With the reconstructed shadow manifolds \(M_{x}\), the state of Y can be predicted with the state of X through
\[ \hat{Y}_s \mid M_x = \sum\limits_{i=1}^k \left(\omega_{si}Y_{si} \mid M_x \right) \]
where \(s\) represents a spatial unit at which the value of \(Y\) needs to be predicted, \(\hat{Y}_s\) is the prediction result, \(k\) is the number of nearest neighbors used for prediction, \(si\) is the spatial unit used in the prediction, \(Y_{si}\) is the observation value of \(Y\) at \(si\). \(\omega_{si}\) is the corresponding weight defined as:
\[ \omega_{si} \mid M_x = \frac{weight \left(\psi\left(M_x,s_i\right),\psi\left(M_x,s\right)\right)}{\sum_{i=1}^{L+1}weight \left(\psi\left(M_x,s_i\right),\psi\left(M_x,s\right)\right)} \]
where \(\psi(M_x, s_i)\) is the state vector of spatial unit \(s_i\) in the shadow manifold $ M_x$, and \(weight (\ast, \ast)\) is the weight function between two states in the shadow manifold, defined as:
\[ weight \left(\psi\left(M_x,s_i\right),\psi\left(M_x,s\right)\right) = \exp \left(- \frac{dis \left(\psi\left(M_x,s_i\right),\psi\left(M_x,s\right)\right)}{dis \left(\psi\left(M_x,s_1\right),\psi\left(M_x,s\right)\right)} \right) \]
where \(\exp\) is the exponential function and \(dis \left(\ast,\ast\right)\) represents the distance function between two states in the shadow manifold defined as:
\[ dis \left( \psi(M_x, s_i), \psi(M_x, s) \right) = \frac{1}{E} \sum_{m=1}^{E} \left| \psi_m(M_x, s_i) - \psi_m(M_x, s) \right| \]
where \(dis \left( \psi(M_x, s_i), \psi(M_x, s) \right)\) denotes the average absolute difference between corresponding elements of the two state vectors in the shadow manifold \(M_x\), \(E\) is the embedding dimension, and \(\psi_m(M_x, s_i)\) is the \(m\)-th element of the state vector \(\psi(M_x, s_i)\).
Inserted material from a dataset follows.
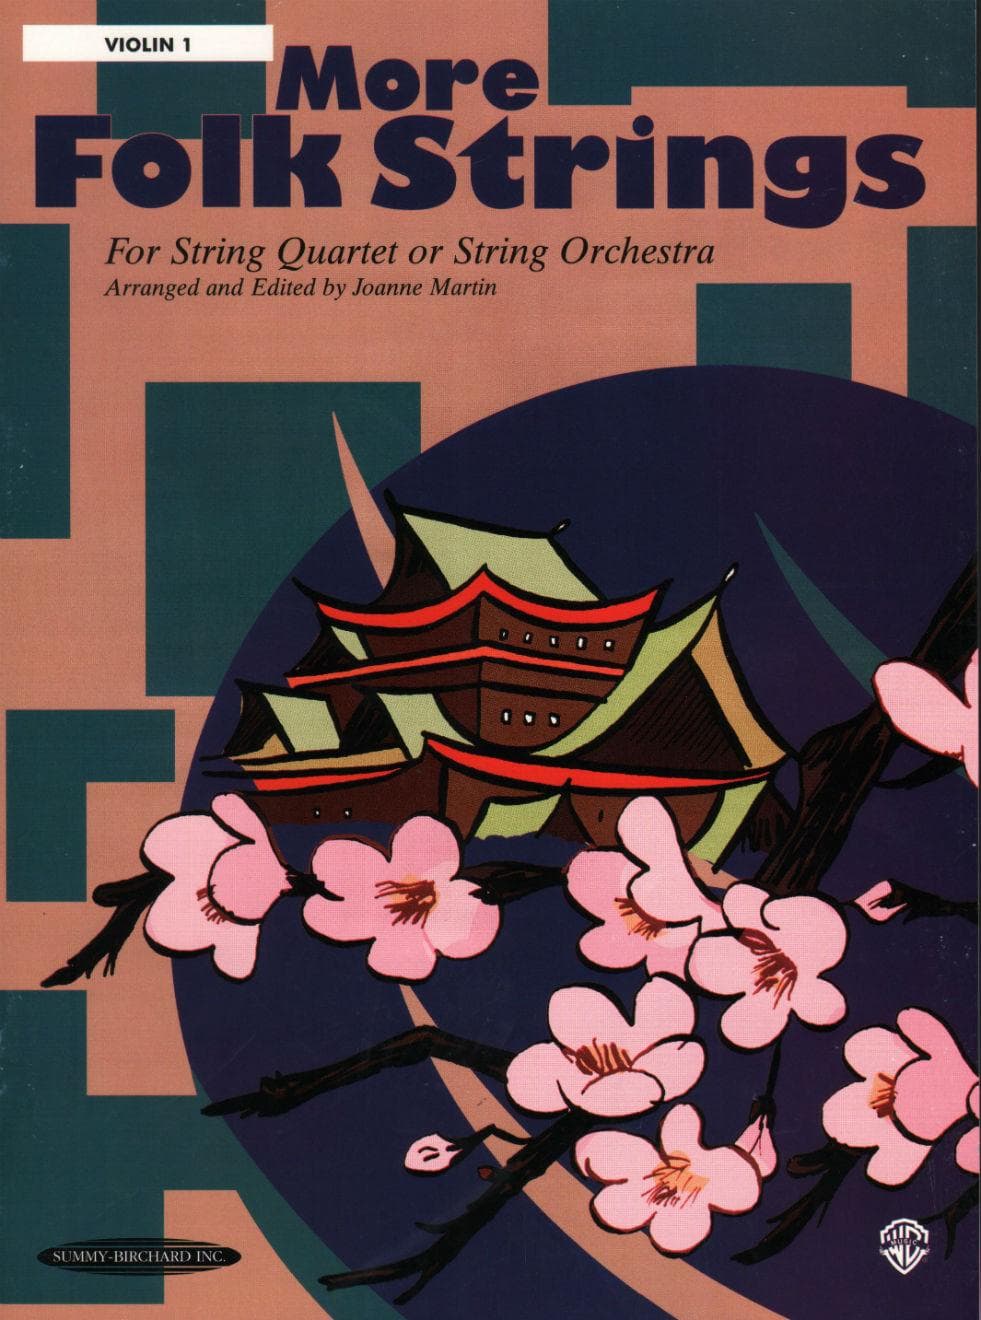 Martin, Joanne - More Folk Strings for String Quartet or String Orchestra - Violin 1 part - Alfred Music Publishing

The skill of cross-mapping prediction \(\rho\) is measured by the Pearson correlation coefficient between the true observations and corresponding predictions, and the confidence interval of \(\rho\) can be estimated based the \(z\)-statistics with the normal distribution:
\[ \rho = \frac{Cov\left(Y,\hat{Y}\mid M_x\right)}{\sqrt{Var\left(Y\right) Var\left(\hat{Y}\mid M_x\right)}} \]
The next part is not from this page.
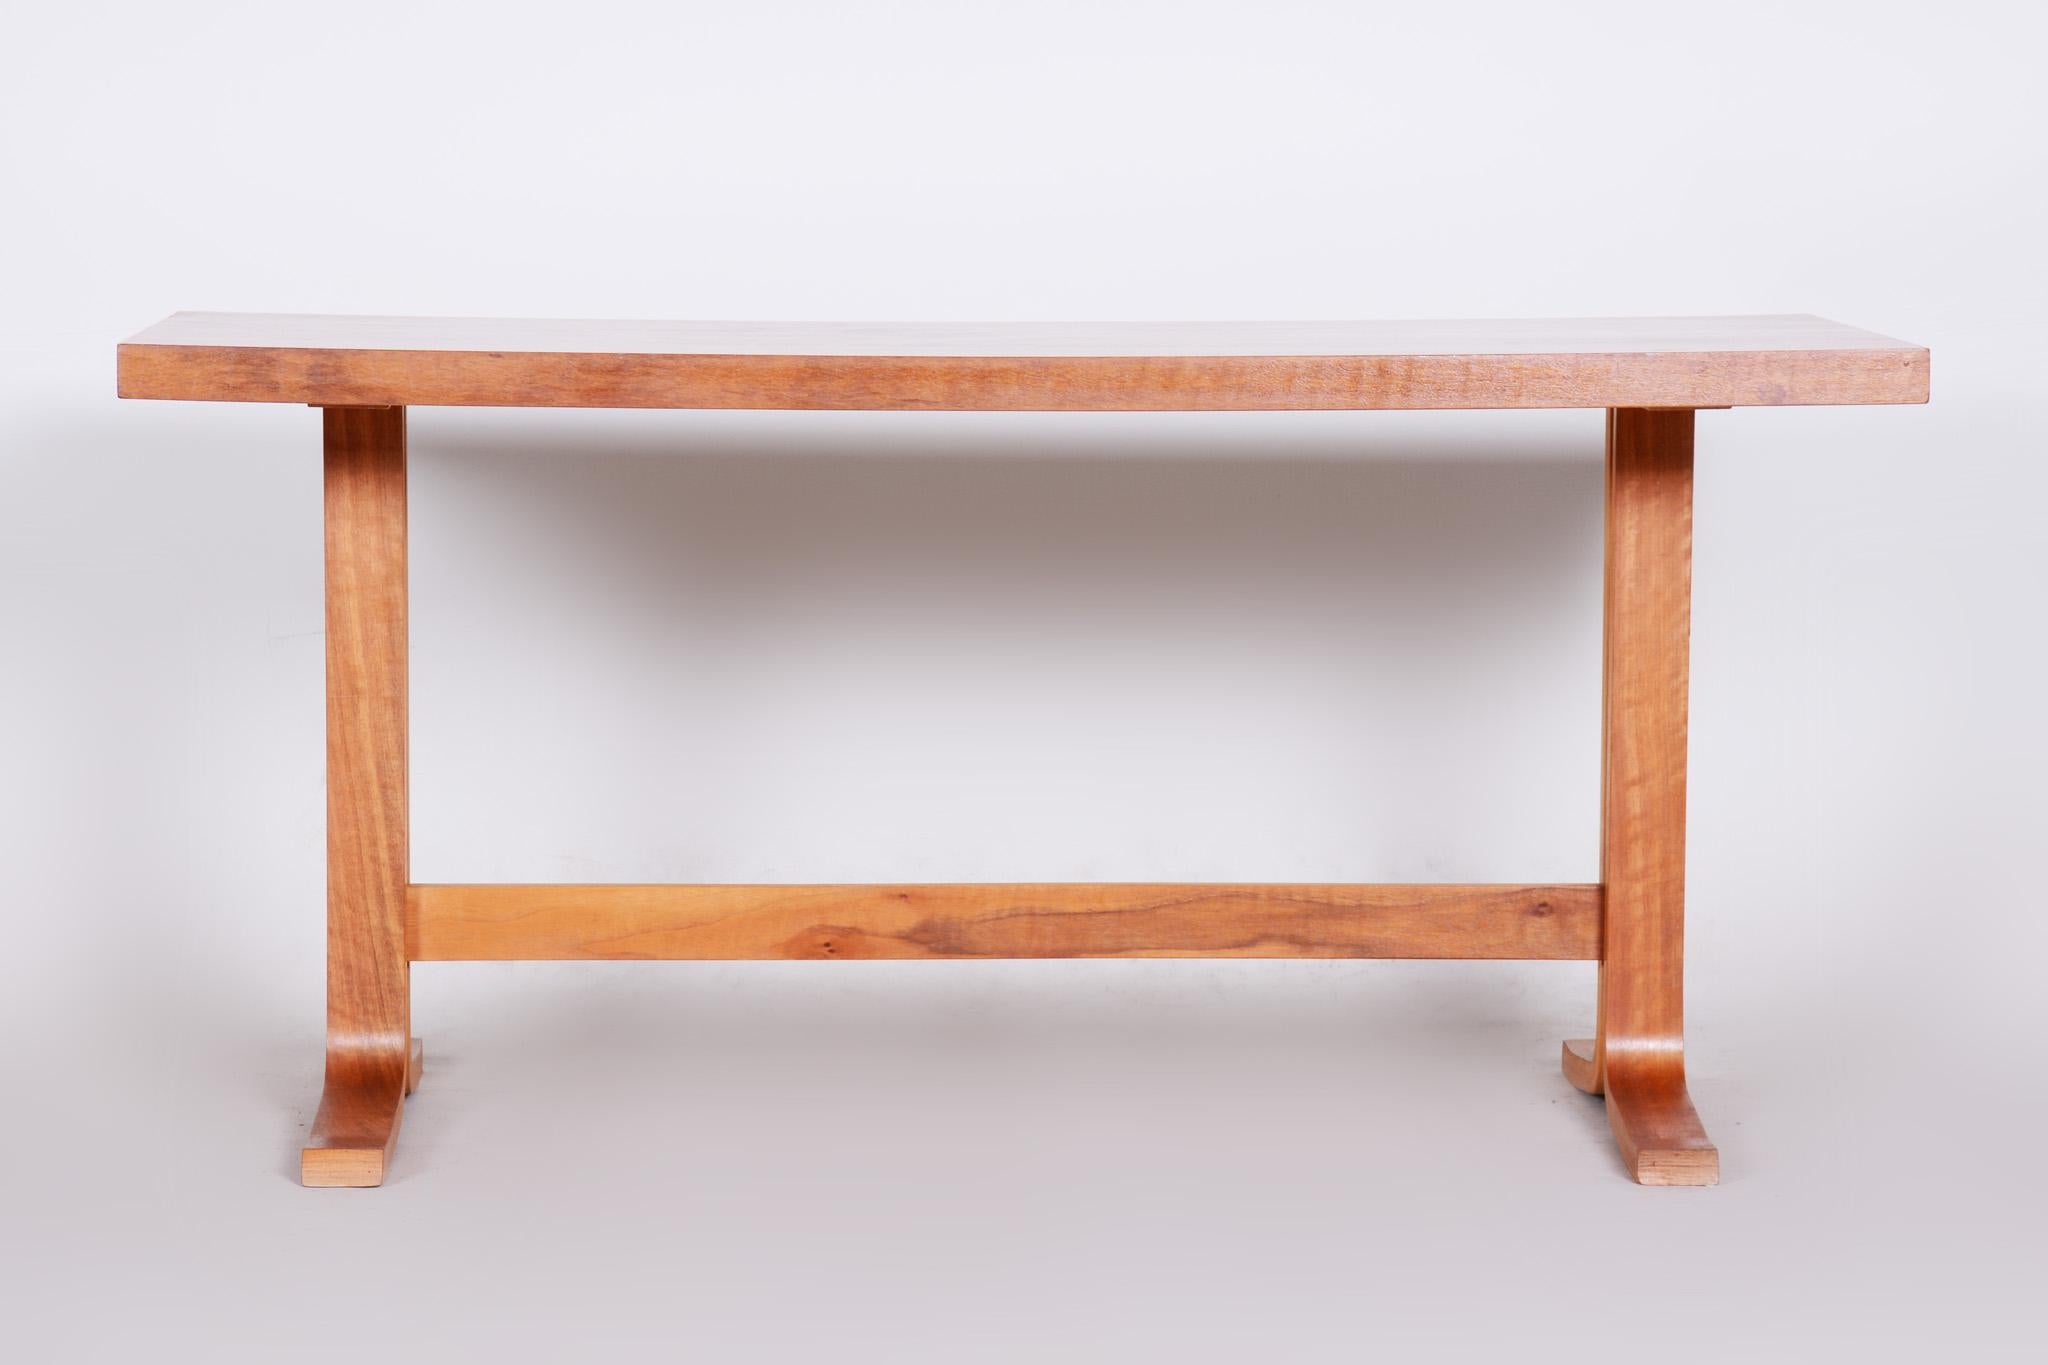 Original Rectangular Oak Table, Czech Mid-Century Modern, 1960s In Good Condition For Sale In Horomerice, CZ

\[ t = \rho \sqrt{\frac{n-2}{1-\rho^2}} \]
where \(n\) is the number of observations to be predicted, and
\[ z = \frac{1}{2} \ln \left(\frac{1+\rho}{1-\rho}\right) \]
The prediction skill \(\rho\) varies by setting different sizes of libraries, which means the quantity of observations used in reconstruction of the shadow manifold. We can use the convergence of \(\rho\) to infer the causal associations. For GCCM, the convergence means that \(\rho\) increases with the size of libraries and is statistically significant when the library becomes largest.
\[ \rho_{x \to y} = \lim_{L \to \infty} cor \left( Y,\hat{Y}\mid M_x \right) \]
where \(\rho_{x \to y}\) is the correlation after convergence, used to measure the causation effect from \(Y\) to \(X\), despite the notation suggesting the reverse direction.
Usage examples
An example of spatial lattice data
Load the spEDM
package and its county-level population
density data:
library(spEDM)
popd_nb = spdep::read.gal(system.file("case/popd_nb.gal",package = "spEDM"))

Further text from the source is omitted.